Originally, these schemes didn’t pose much of a problem, because people searched the Web by typing in specific addresses. Now everyone uses search engines, and consequently meta-tags and hidden text are commonly used to solicit “hits.” While courts are quick to acknowledge that use of another party’s trademark or name may not necessarily result in confusion as to the source or sponsorship of a product or service, courts are now holding that trademark infringement can occur by simply using another’s mark or name in a meta-tag to create “initial interest” or lure people to a particular website.
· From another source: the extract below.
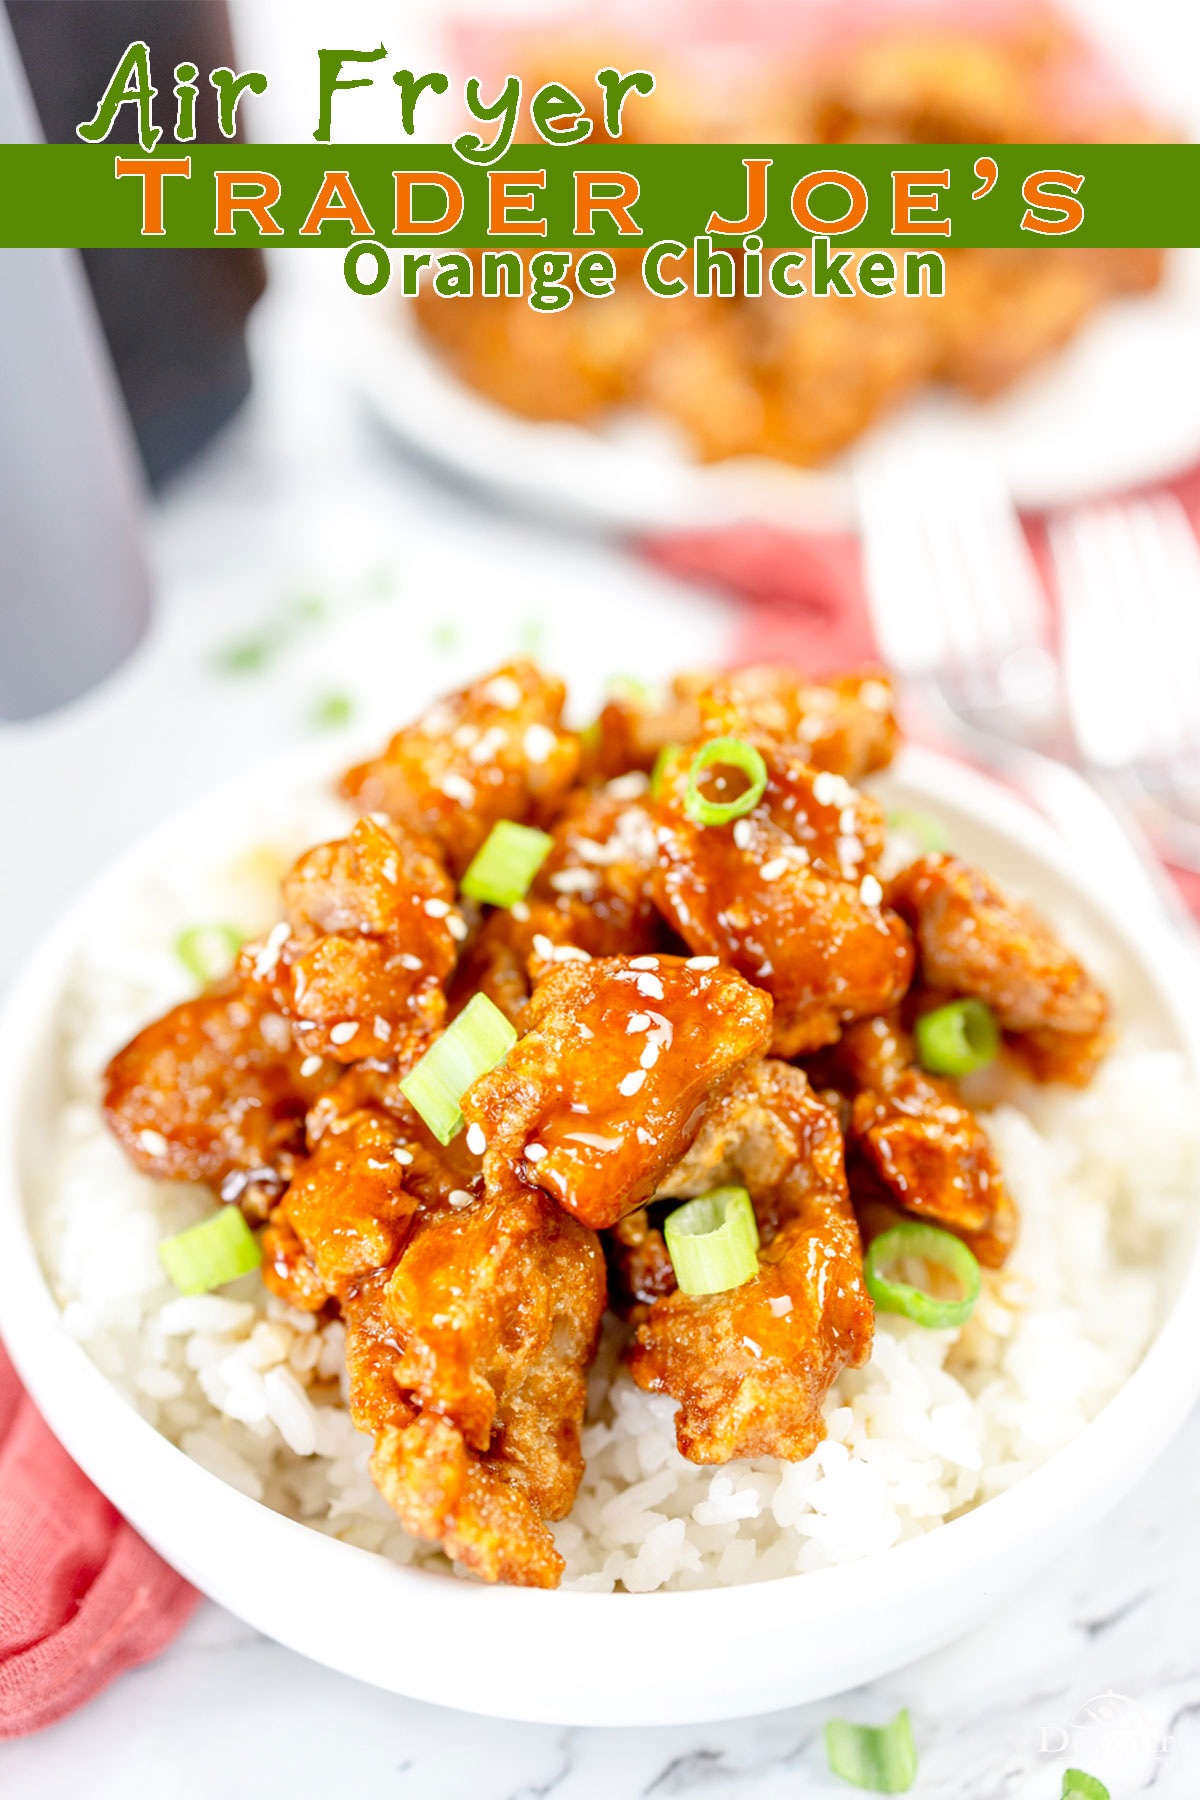 This Trader Joe's Orange Chicken Air Fryer recipe gives you sublime flavors with unbeatable crunch in just 15 minutes! It's the perfect solution to busy weeknight meal situations for the whole family!

In a recent case, the Ninth Circuit Court of Appeals held that a defendant’s use of the domain name and its use of MovieBuff in meta-tags infringed the plaintiff’s rights in its registered mark MovieBuff. Brookfield Communications Inc. v. West Coast Ent. Corp., 50 U.S.P.Q.2d 1545 (9th Cir. Apr. 22, 1999). This case is the first appellate decision to hold that the use of another’s trademark in a meta-tag constitutes trademark infringement. The court considered carefully the way meta-tags are used and concluded that such use raised little risk of ultimate source confusion. But, the court held, using another’s trademark as a meta-tag could cause initial interest confusion, which is also actionable under the Federal Trademark Act.

If you are operating a website, don’t use anyone else’s mark to attract visitors. Rely on your marks and a variety of appropriate generic terms as meta-tags, taking care to avoid third party marks all together. If you really want to use someone else’s trademark on your site, and you feel that the use is appropriate, you may be able to obtain the consent of the trademark owner. In the end, the safest and easiest way to make certain your website shows up near the top of the search engine results is to imbed your mark, your name, and your related generic key words as HTML text in the title page, the meta-tags, and the headlines in the top section of your website.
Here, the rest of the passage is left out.